Earlier, bilingualism was thought to be a disadvantage because the presence of two vocabularies would lead to delayed language development in children.

However, it has since been demonstrated that bilingual individuals perform better, compared with monolinguals, on tasks that require attention, inhibition and short-term memory, collectively termed “executive control”.

“Inconsistencies in the reports about the bilingual advantage stem primarily from the variety of tasks that are used in attempts to elicit the advantage,” said senior author Guinevere Eden, director for the Centre for the Study of Learning at Georgetown University Medical Centre (GUMC).

“Given this concern, we took a different approach and instead compared grey matter volume between adult bilinguals and monolinguals,” Eden said.

“We reasoned that the experience with two languages and the increased need for cognitive control to use them appropriately would result in brain changes in Spanish-English bilinguals when compared with English-speaking monolinguals,” he added.

“And in fact greater grey matter for bilinguals was observed in frontal and parietal brain regions that are involved in executive control,” Eden said.

Grey matter of the brain has been shown to differ in volume as a function of people’s experiences.

“Our aim was to address whether the constant management of two spoken languages leads to cognitive advantages and the larger grey matter we observed in Spanish-English bilinguals, or whether other aspects of being bilingual, such as the large vocabulary associated with having two languages, could account for this,” said lead author Olumide Olulade, post-doctoral fellow at GUMC.
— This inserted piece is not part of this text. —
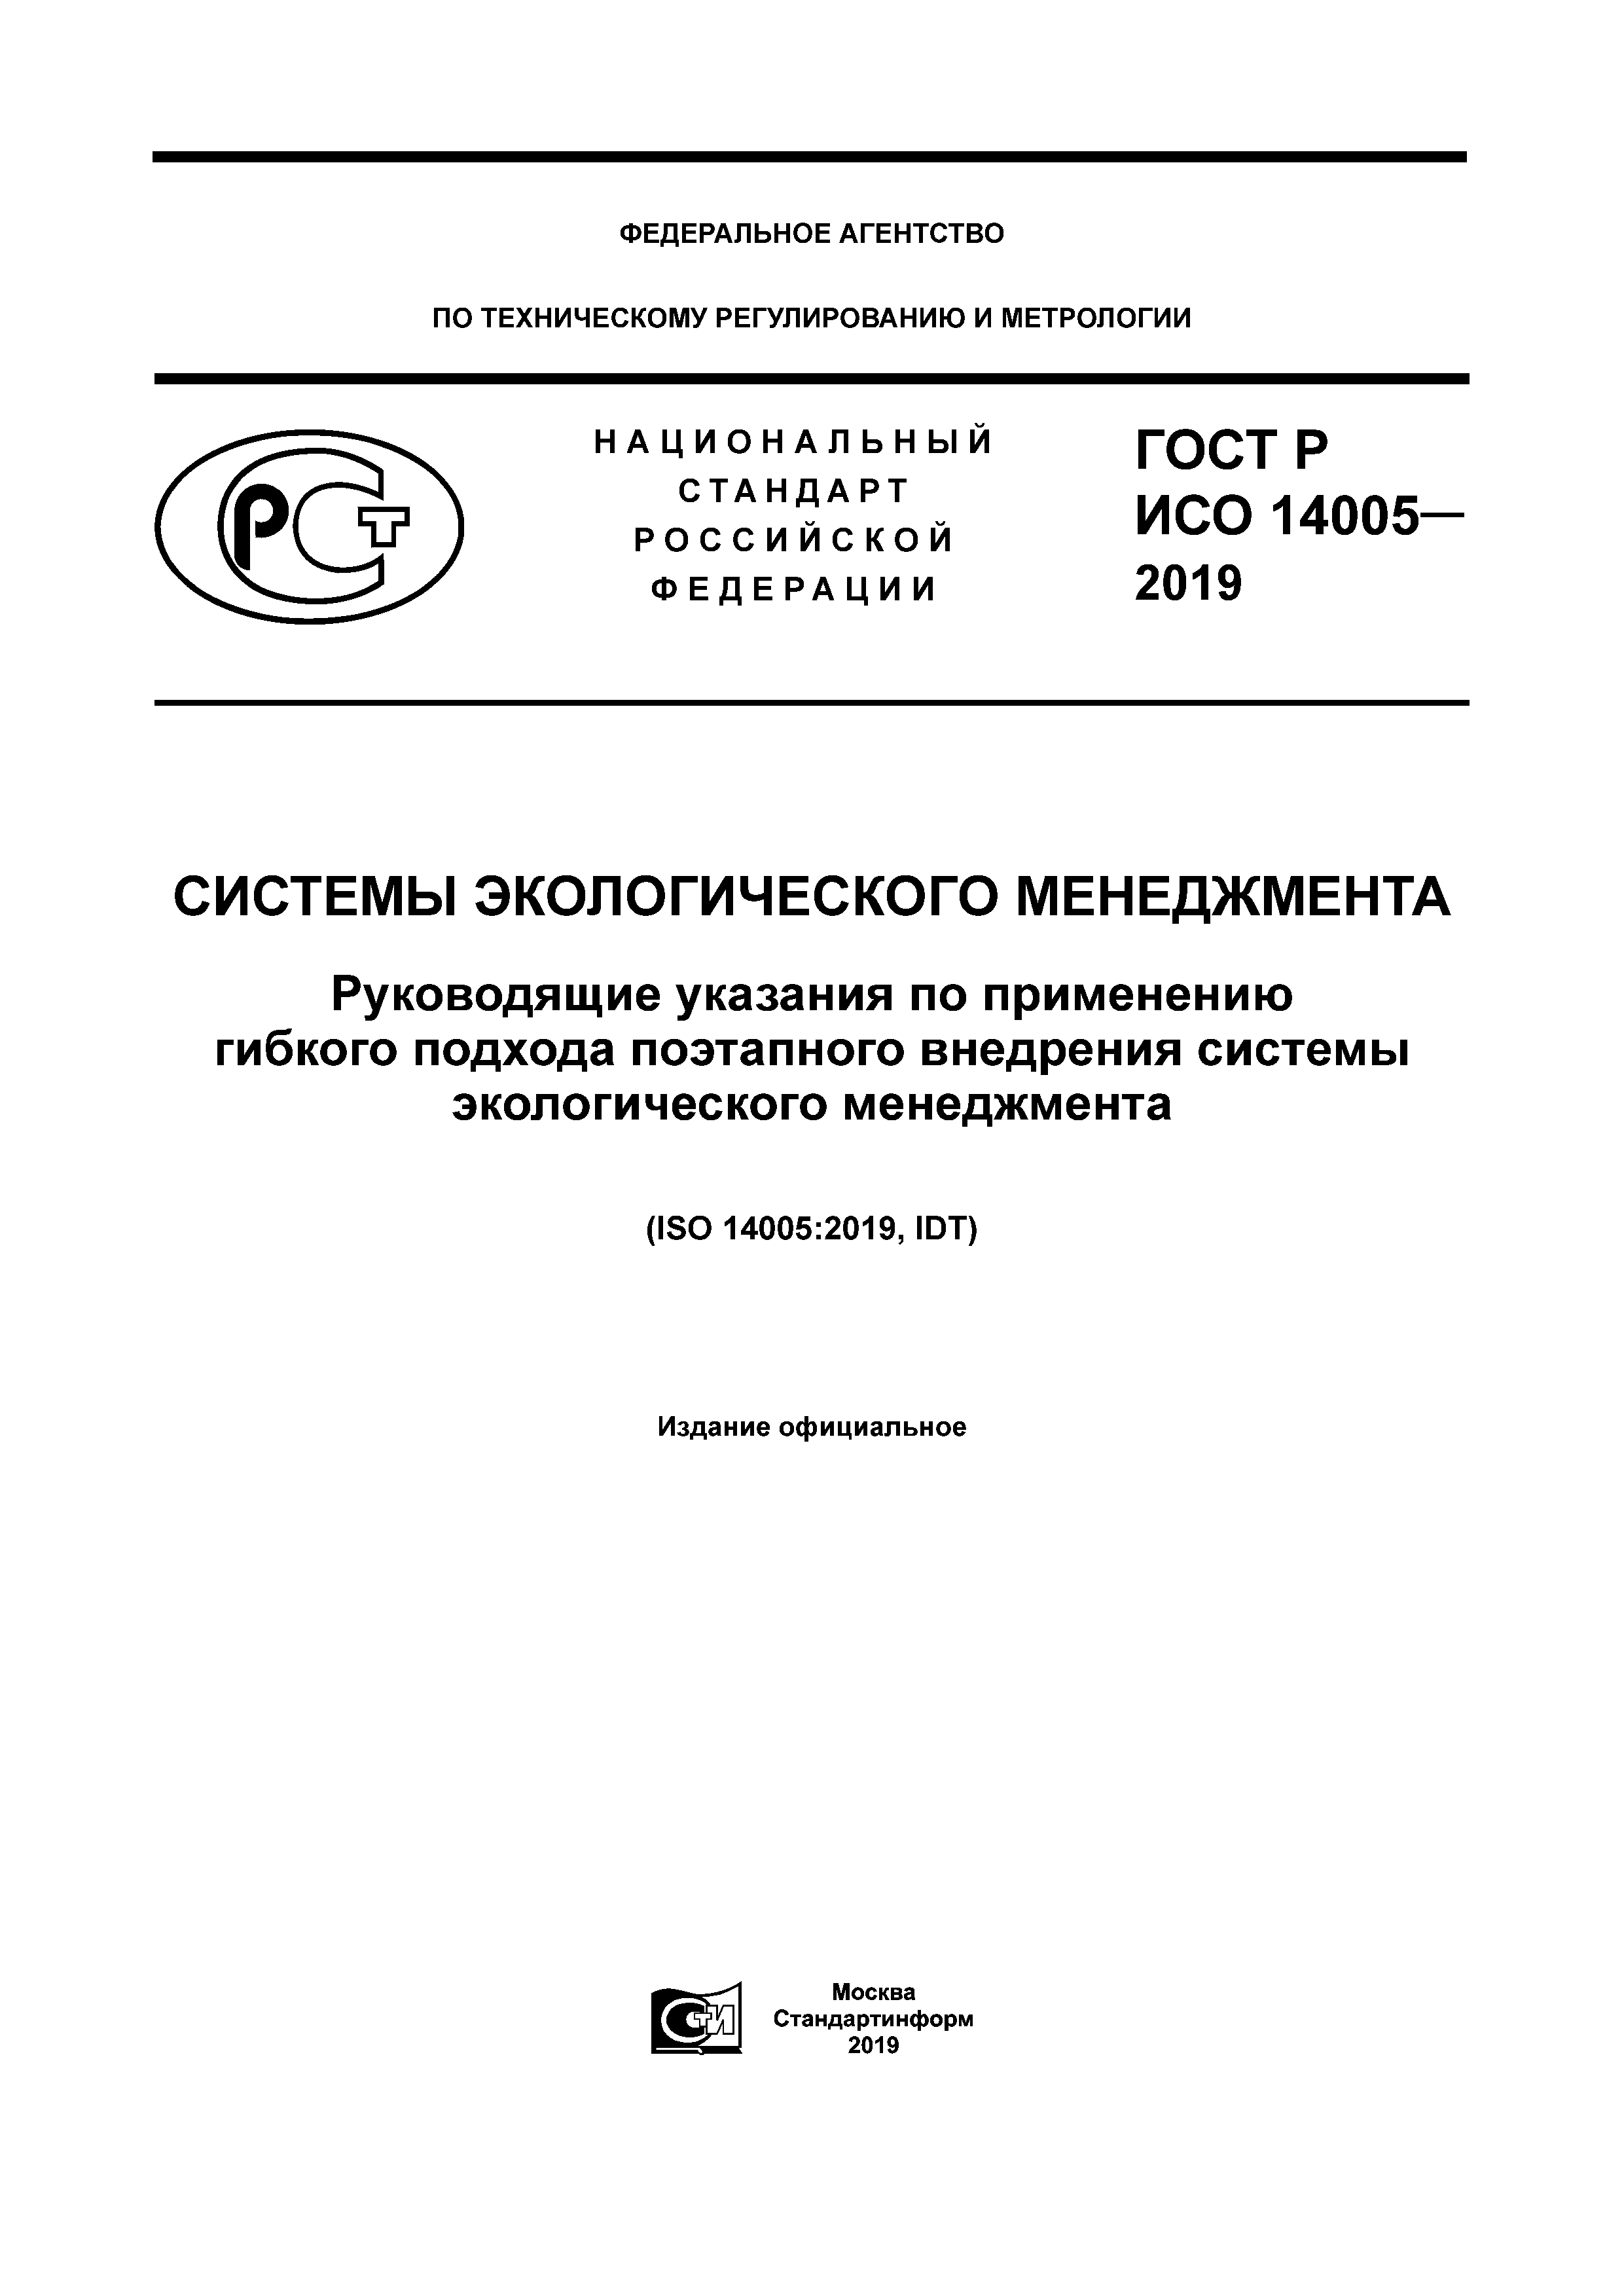 ГОСТ Р ИСО 14005-2019
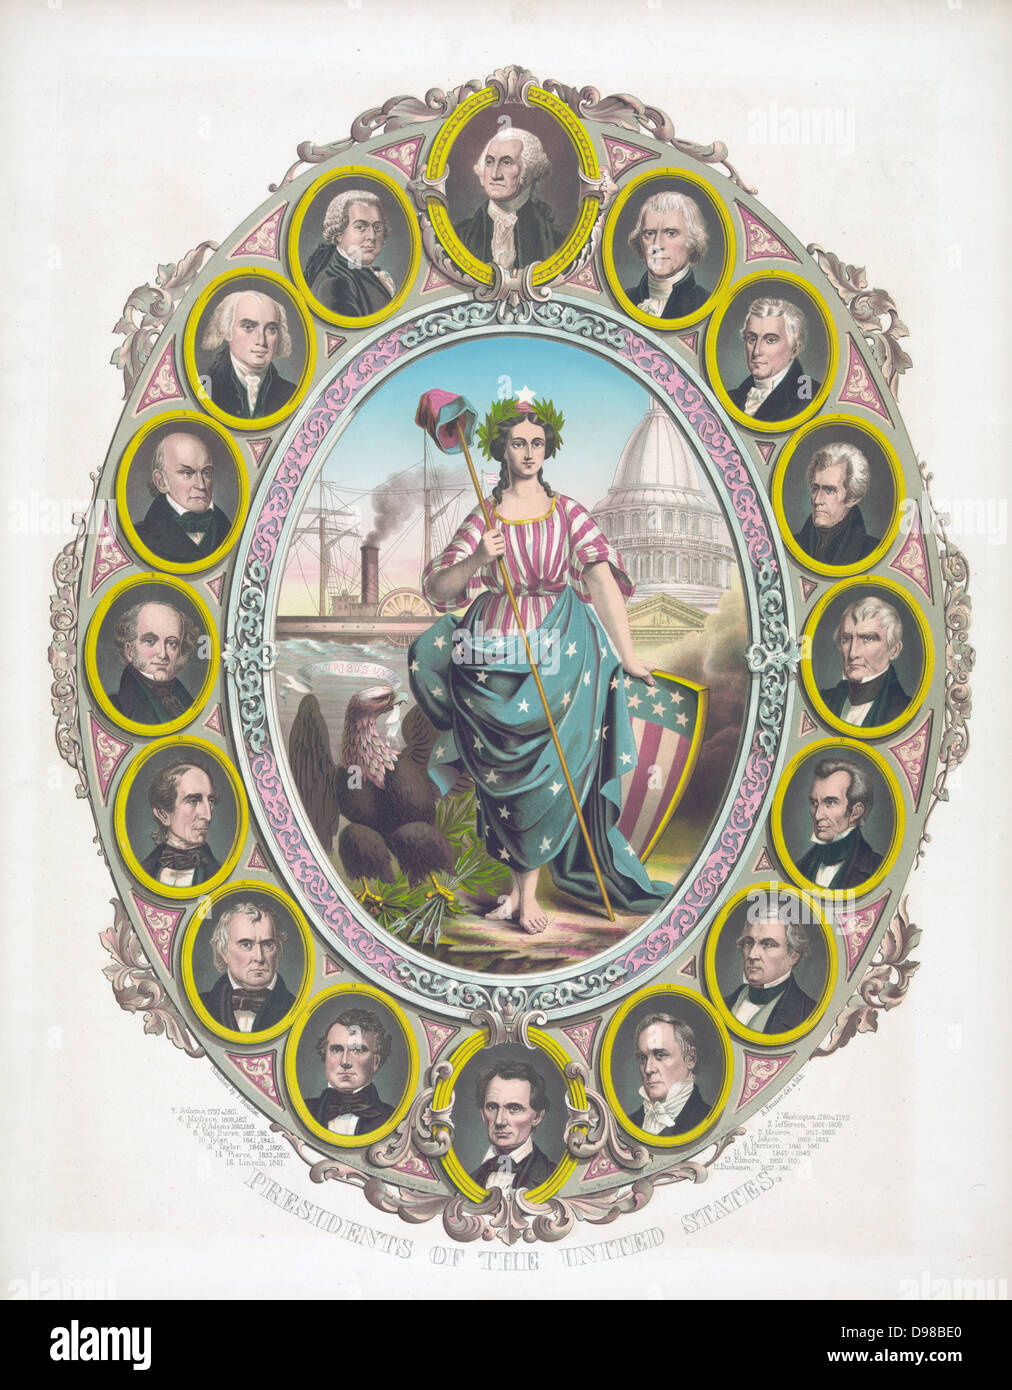 Columbia vestida de estrellas y rayas, sosteniendo un gorro de libertad y acompañado por un águila calva, rodeado por los retratos de los primeros 16 presidentes de los Estados Unidos de Washington , en la parte superior, un lampiño Lincoln en la parte inferior. Litografía de color c1861. Foto de stock

The researchers compared grey matter in bilinguals of American Sign Language (ASL) and spoken English with monolingual users of English.

Both ASL-English and Spanish-English bilinguals share qualities associated with bilingualism, such as vocabulary size. However, unlike bilinguals of two spoken languages, ASL-English bilinguals can sign and speak simultaneously, allowing the researchers to test whether the need to inhibit the other language might explain the bilingual advantage.

“Unlike the findings for the Spanish-English bilinguals, we found no evidence for greater grey matter in the ASL-English bilinguals,” Olulade said.

“Thus we conclude that the management of two spoken languages in the same modality, rather than simply a larger vocabulary, leads to the differences we observed in the Spanish-English bilinguals,” he added.

The study was published in the journal Cerebral Cortex.